Мы вернулись в гостиную, где Джоши и Юнис опустились на уютный изогнутый диван, а я примостился напротив на кожаной оттоманке.
— Будем здоровы, — сказал Джоши, кружкой чокаясь с длинноногим бокалом Юнис. Они улыбнулись друг другу, и она повернулась ко мне. Пришлось встать, подойти к ним и завершить ритуал. А затем снова садиться. В одиночестве.
— Будем здоровы, — сказал я, едва не разбив Джоши кружку. — За моих самых любимых людей.
— За свежесть и юность, — сказал Джоши.
Они заговорили. Джоши расспрашивал ее о жизни, а она отвечала по своему обыкновению невнятно: «Ага», «Наверное», «Ну как бы», «Может быть», «Я пыталась», «У меня не получается», «Я ничего не умею». Но она радовалась беседе, была внимательна — я редко видел ее такой, — и придерживала прядь, упавшую на плечо. Она толком не умела вести разговор с мужчиной, без злости, без флирта, но старалась, фильтровала, выдавала как можно меньше, и однако же хотела угодить. Она тревожно поглядывала на меня, щурилась — ей мучительно было думать, мучительно отвечать, — но тревога спадала по мере того, как Джоши подливал вина — мы все уже превысили максимальную дозу в два бокала ресвератрола, — и скармливал ей тарелку черники и моркови. Он предложил сварить шмали в чайнике зеленого чая — годами этого не делал, — но Юнис вежливо ответила, что марихуану не курит, что это, конечно, извращение, но от марихуаны ей грустно.
— Я бы не отказался, — встрял я, но предложение явно испарилось.
— Почему вы зовете Ленни Макакой-Резусом? — спросила Юнис.
— Похож, — ответил Джоши.
Юнис крутанула эппэрэт и, когда на экране появилось искомое животное, закинула голову и расхохоталась, как на моей памяти хохотала только с элдербёрдскими подружками, честно и весело.

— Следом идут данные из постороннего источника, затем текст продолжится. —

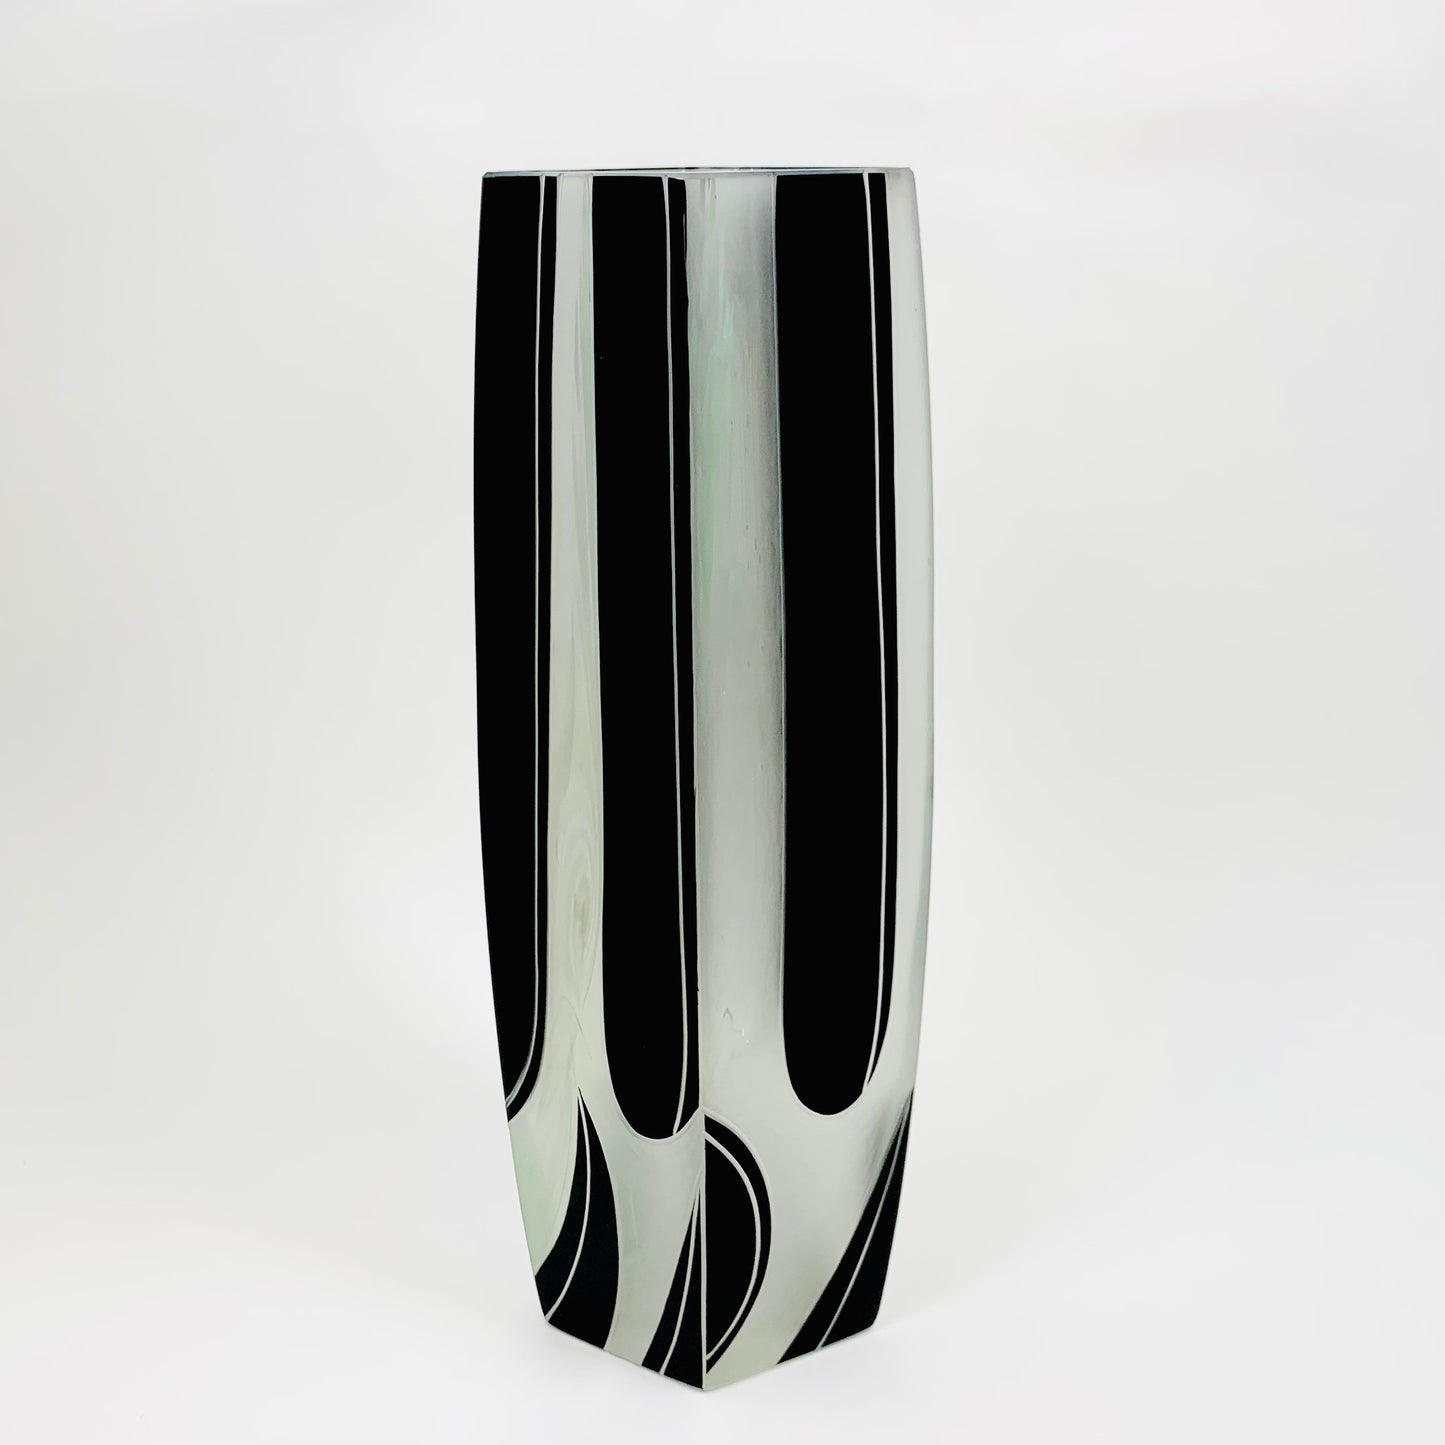 Antique Art Deco black enamel pale sage green satin glass vase by Karl Palda

— Абсолютно, — сказала она. — Руки длинные, а в середине, типа, скукоженный. На него так трудно покупать одежду. Вечно приходится учить его, как… — Описать она не смогла, только раскинула руки.

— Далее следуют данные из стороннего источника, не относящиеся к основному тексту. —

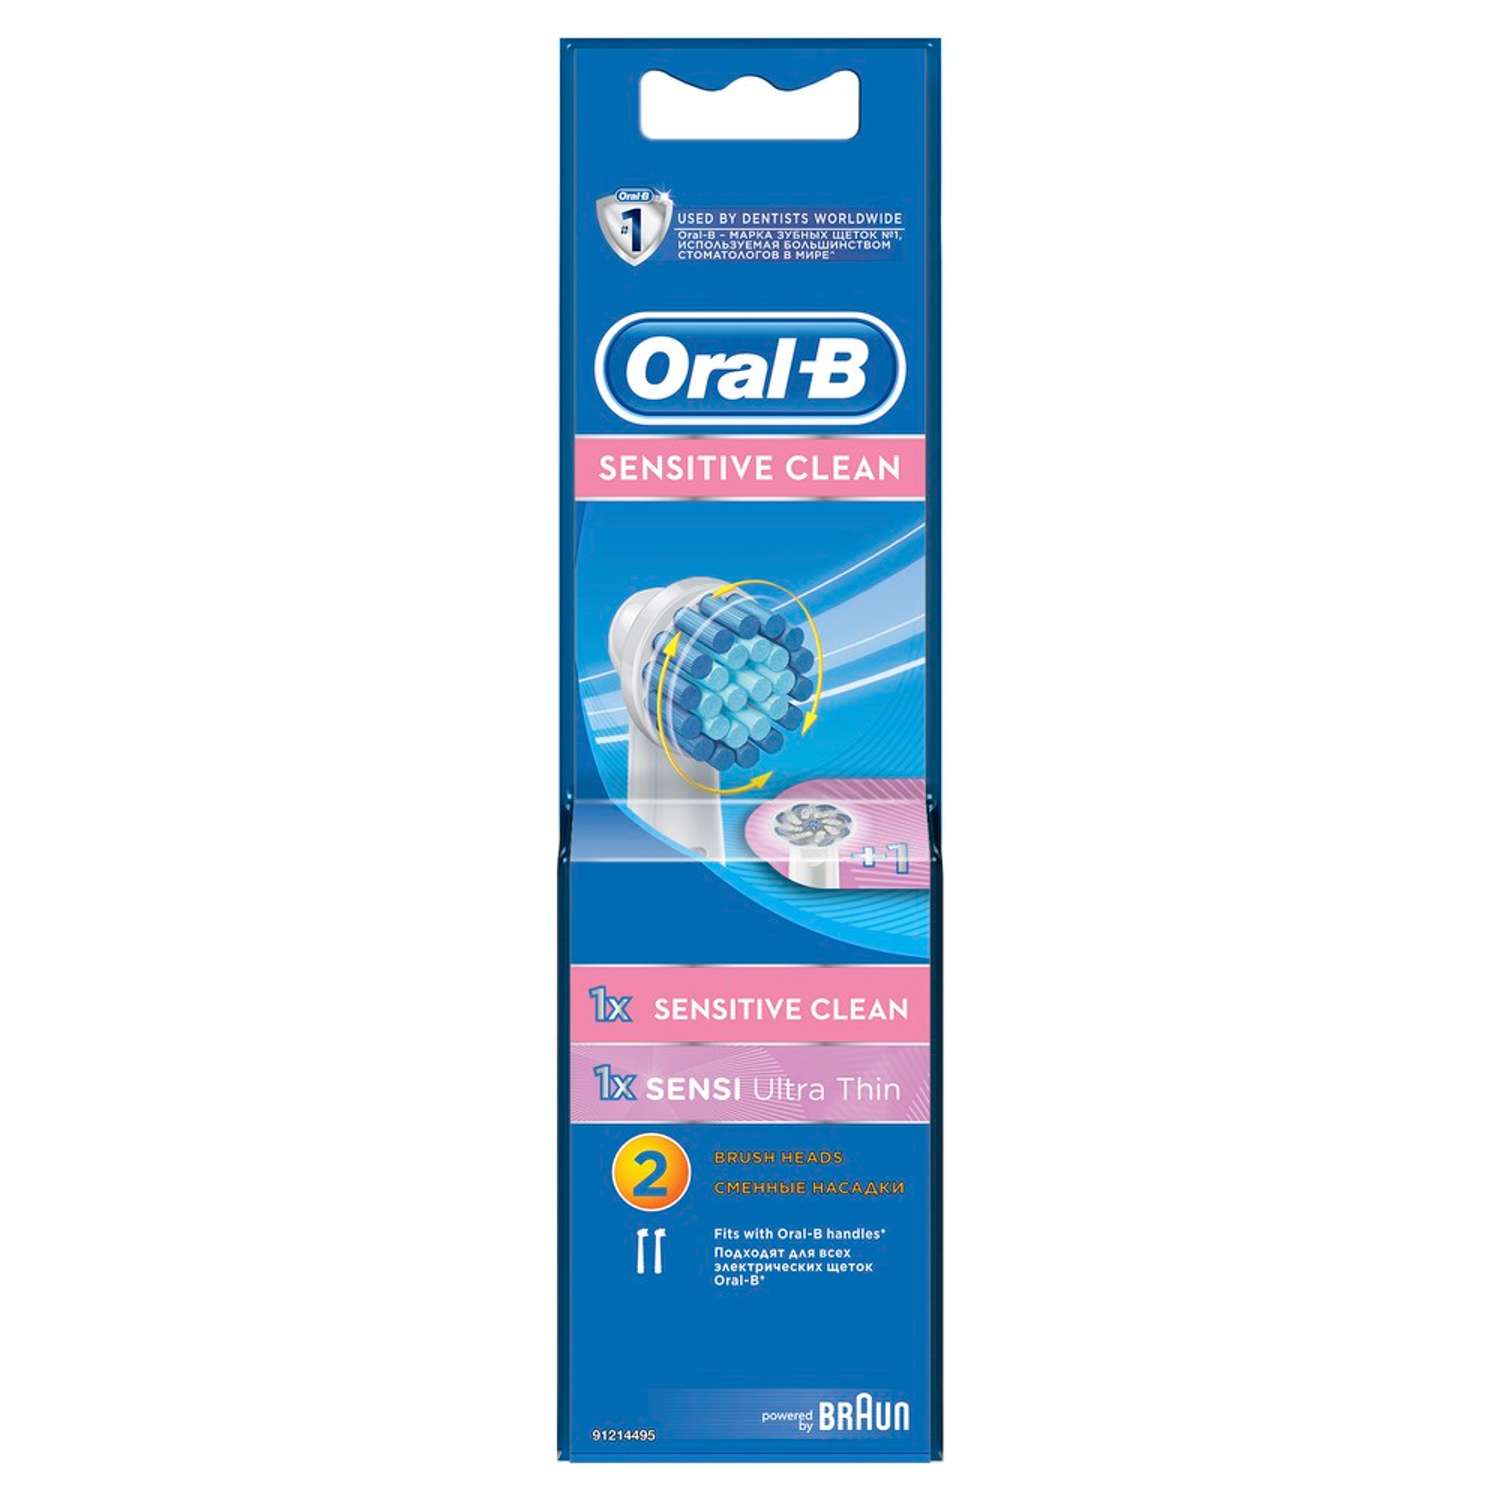 Насадки для зубных щеток ORAL-B Sensitive Clean EB17S-1 и Sensi Ultrathin EB60-1 - фото 7

— Одеваться, — договорил я.
— Он быстро учится, — сказал Джоши, глядя на нее, рассеянно нащупывая вторую бутылку вина, послушно стоявшую у ног. Я протянул кружку за добавкой. Мы продолжали напиваться. Я поплотнее уселся на влажную кожаную оттоманку — поразительно, сколь равнодушен Джоши к обстановке. За все годы знакомства не купил ни единого предмета мебели. Столько лет один, без детей, без американского изобилия, посвятил себя единственной идее, чье воплощение сидело сейчас в футе от него, подогнув под себя ногу — знак того, что ей полегчало. Джоши умеет дать понять, что не сделает больно. Даже когда делает.

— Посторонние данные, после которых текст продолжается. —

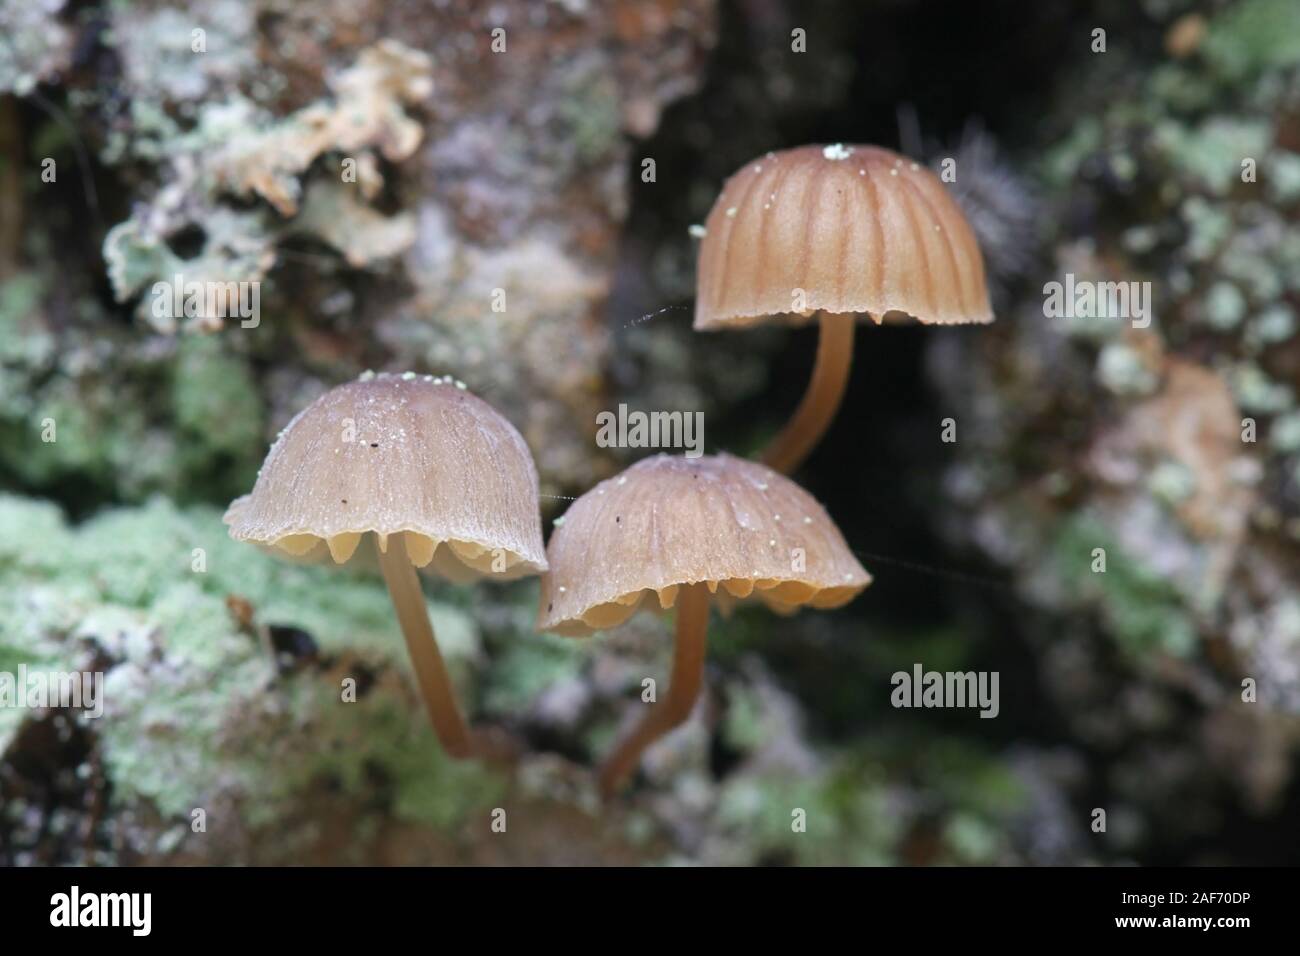 Mycena meliigena, a bonnet mushroom growing on oak trunk Stock Photo

Они вели молодежный разговор: «ЖопоДоктор», девичьи порки, новая вьетнамская порнозвезда Фуонг «Хайди» Бля. Употребляли слово «жопутана» и подростковые аббревиатуры, типа «ТЖВ» и «ВСМ», от которых на ум приходили высокоскоростные европейские поезда. Гладколицый Джоши, чье тело играло новыми мускулами и послушными нервными окончаниями, раскраснелся от вина, склонился вперед, точно ракета в воздухе, и душа его, надо думать, переполнялась инстинктами юности, жаждой коннекта во что бы то ни стало. Будет ли он скучать по старости, еретически подумал я. Не затоскует ли его тело о своей истории?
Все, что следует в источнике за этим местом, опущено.